15.9.05

O omnipresente da fortuna

Está na moda: os bancos recorrem a figuras públicas, são o isco que atrai mais clientes. Há semanas foi o BPI que apresentou o homem que mais próximo está da condição divina, aquele que não se cansa de se auto-elogiar como o melhor treinador de futebol do mundo. Esse, que vai ter a honraria de ver uma réplica de cera numa sala do famoso museu londrino que imortaliza celebridades, vivas ou mortas.

Agora é o banco Millennium que se socorre de um cantor místico, vestes brancas, pose misteriosa que se esconde nos óculos escuros de generosas dimensões. O sucedâneo de cantor não se cansa de apregoar: “estou aqui, estou aqui, estou aqui”. No spot as imagens sucedem-se com figuras anónimas, nas mais variadas situações da vida, enquanto da voz cavernosa do cantor se solta o “estou aqui”. Uma parceria bem estudada: o banco, pela voz do cantor, informa-nos da sua omnipresença. Só os incautos se surpreendem com o fenómeno. Consta que este é o banco da Opus Dei. Assim se percebe a encomenda da cantoria que, de forma monocórdica e cansativa, diz que o banco está por todo o lado, “no meio de nós”, como a sua figura tutelar.

Curiosa é a presença de Abrunhosa como testa de ferro desta omnipresença. É a mesma individualidade que se destaca por intervenções públicas, fora da esfera de acção “artística”, que estão nos antípodas do que representa o banco da Opus Dei. Não se sabe do registo religioso do artista. Não consta que seja devoto do catolicismo fervoroso, que frequente templos e sacristias. Ao escutar as palavras que acompanham as suas músicas, há um suave traço de libertinagem que não se encaixa no catecismo católico. Mesmo as intervenções públicas com conotações políticas desnudam preferências bem distantes das opções políticas do estereótipo representado pela imagem do banco.

Parece uma escolha contra-natura. Falta saber quem foi mais cínico – se o banco, se o cantor.

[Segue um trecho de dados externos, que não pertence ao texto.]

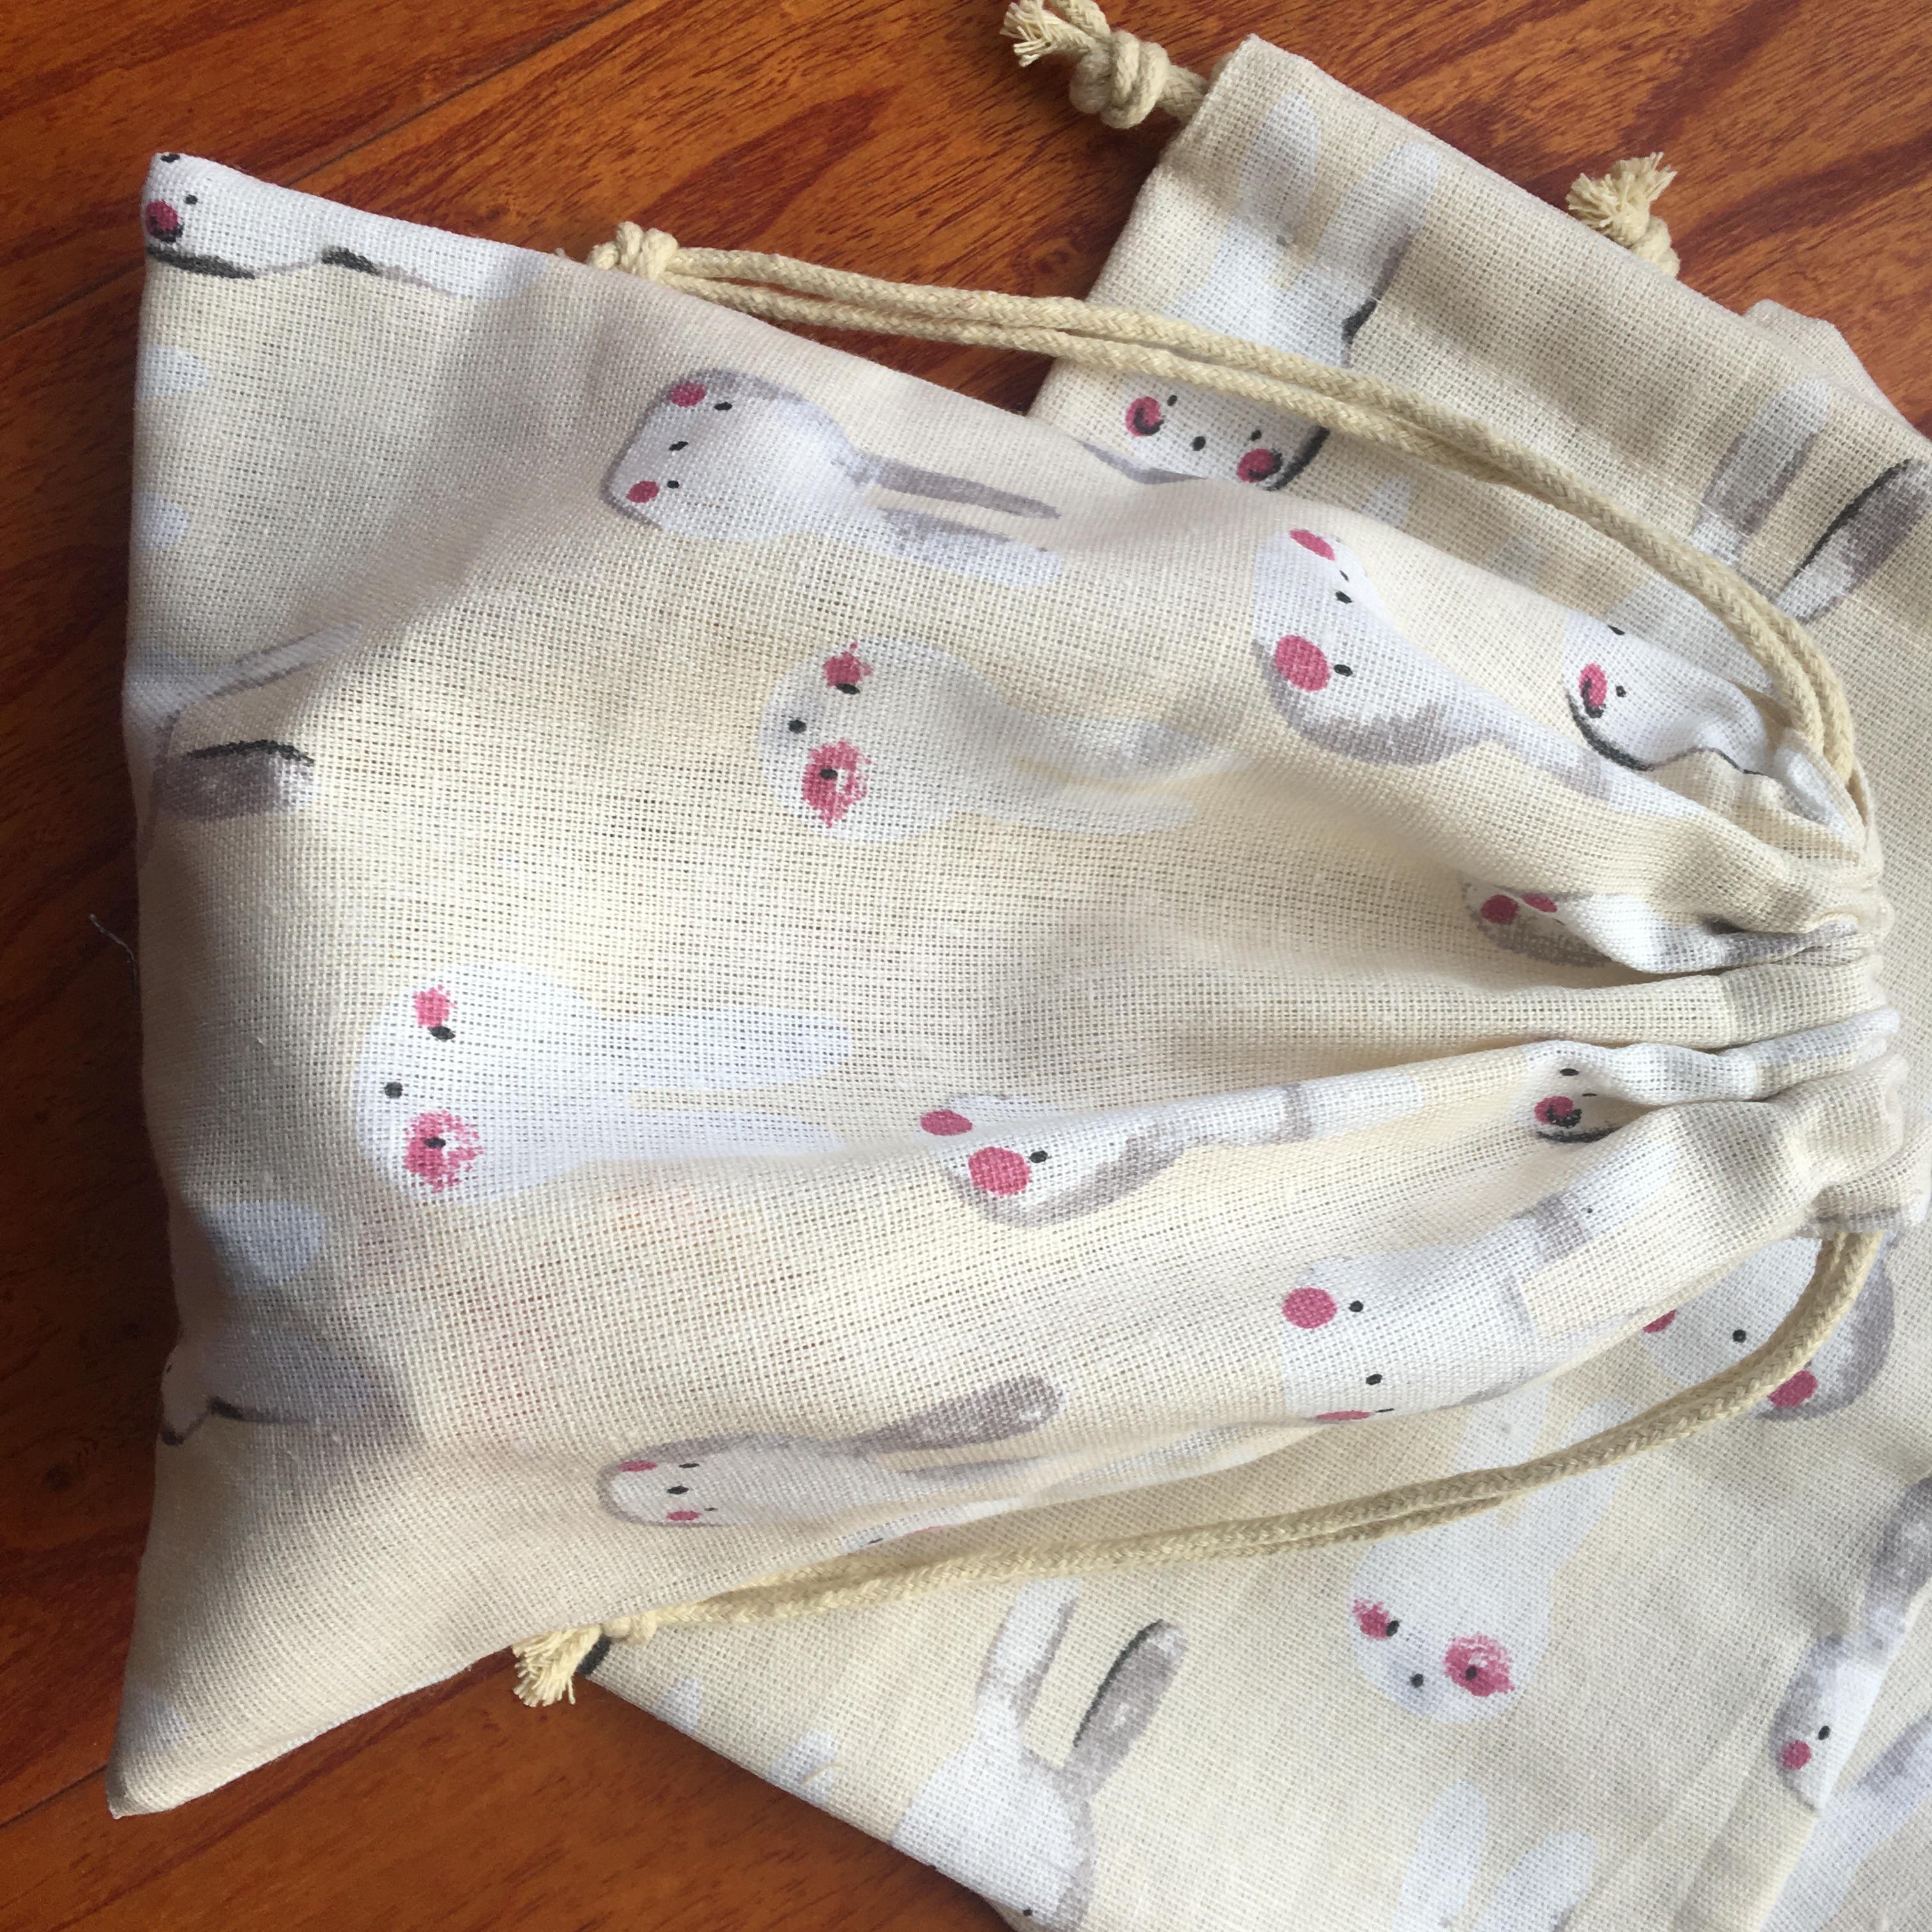 Cotton Linen Drawstring Pouch Multi-purpose Bag Party Gift Bag Print Bunny YILE91105a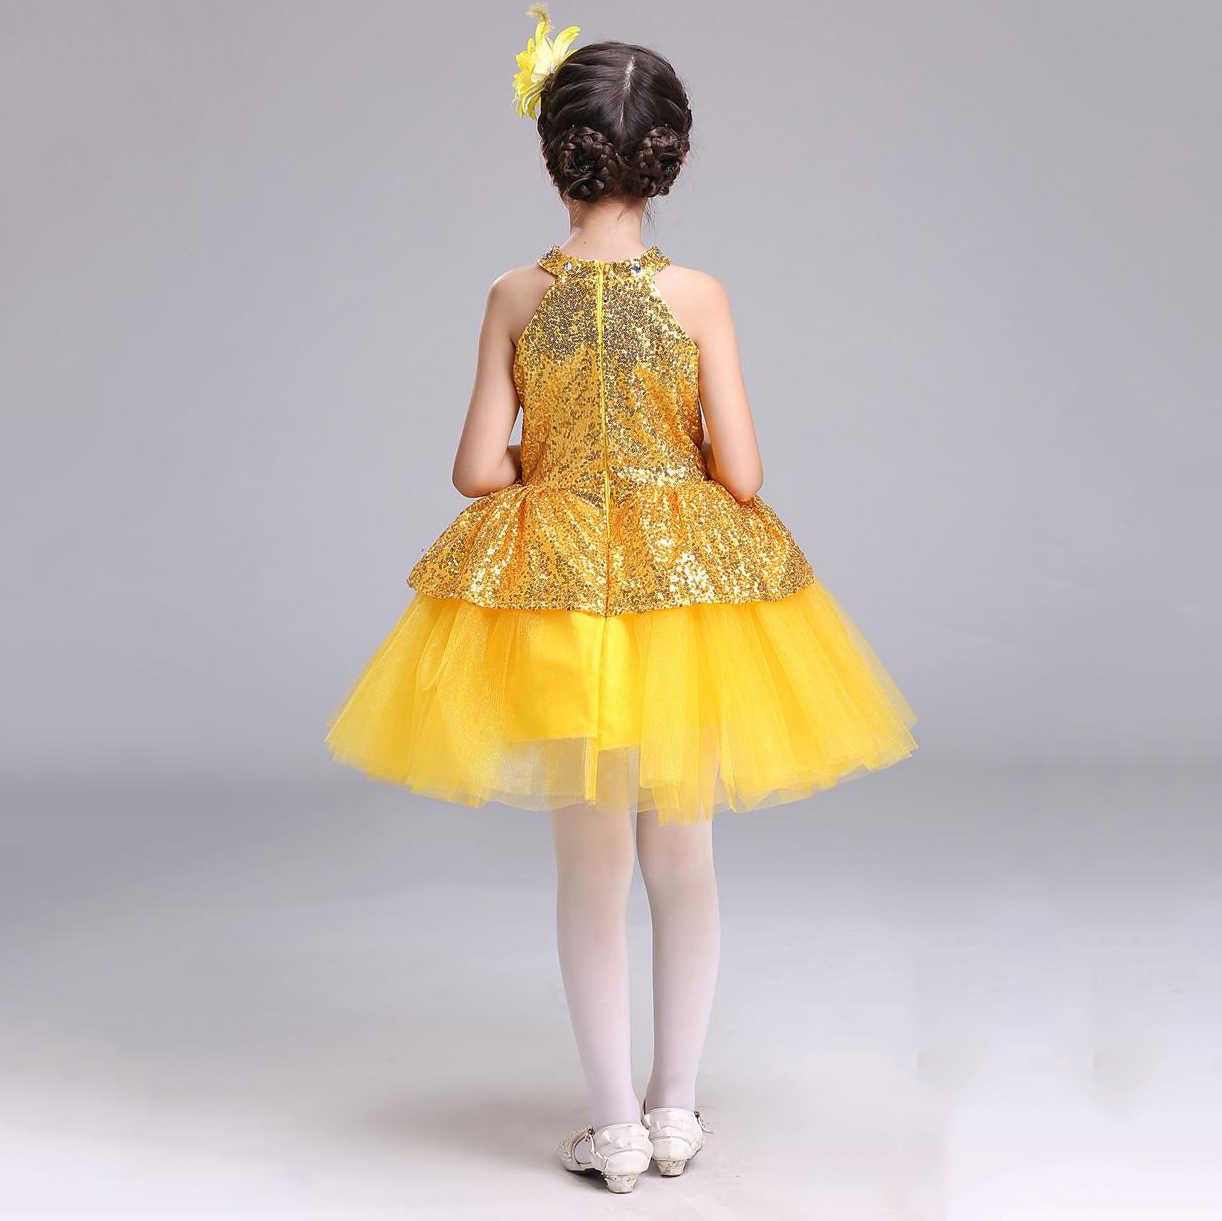 c0813acc59045 ... Children Summer Clothing Girls Bling Bling Sequins Top Graduation Party  Jazz Dance Dress Girls Kids 2 ...

Pode ter sido o banco: soube atrair o cantor a dar a cara e a pseudo-voz, com a choruda recompensa que engrossou a sua conta bancária. Terá sido o banco, se vingar a tese de chamar a si mais clientes que outrora eram ovelhas tresmalhadas, cientes de que este é o banco dos católicos mais empedernidos. Atraídos pela chancela do cantor que é um dos seus ícones contemporâneos, esta imensa mole humana passará a depositar as suas poupanças à guarda do banco da Opus Dei. Objectivo cumprido.

O cinismo pode ter partido de Abrunhosa. Sem se importar com as acusações de incoerência – porque as suas aparições públicas filiam-no em causas que estão longe da retórica católica – o artista embolsa uma maquia invejável paga por quem nele não se revê. O adversário paga-lhe, mesmo sabendo das divergências. É um triunfo com um travo adocicado. Naõ interessa a curvatura pronunciada na espinha dorsal do artista e do banco que o contratou? Nem tão pouco que a flexibilidade da espinha dorsal dos fãs do artista é do mesmo calibre, se mais tarde se observar que a campanha se saldou por um êxito considerável.

De quando em vez, a vida depara-se com surpresas deste teor. É das coisas mais belas que o incerto futuro traz. Quando estamos imersos num aborrecida modorra, despertamos para um acontecimento surpreendente que traz o sal e a pimenta, condimentos que são a alavanca da vida. Há as surpresas agradáveis, as surpresas desagradáveis, as surpresas que nos deixam atónitos. Esta campanha publicitária encaixa-se no último perfil. Por ela pude concluir que Abrunhosa anda de mão dada com os fundamentalistas do catolicismo, numa parceria que anuncia a sua cumplicidade por uma omnipresença prenhe de fortuna. É o banco que está no meio de nós, dando o suporte financeiro aos sonhos que têm um preço elevado. A divinização do banco tem o sacerdote supremo, o cantor que dá a cara. Ele há coisas do diabo: e mesmo as figuras mais demoníacas, que professam modos de vida nada consentâneos com o beatismo militante do ultra-conservadorismo católico, acabam por se converter em testas de ferro da retórica evangélica.

Do passado emergem histórias de artistas que andaram por “caminhos ínvios” e que, entretanto, se converteram às “delícias da religião” (Nick Cave, e antes um Cat Stevens que até mudou de nome, em nome do Islão). Abrunhosa, amigo do Bloco de Esquerda, corporiza a imagem do tele-evangelista do grande líder desta agremiação partidária. Terá Abrunhosa encontrado a sua redenção?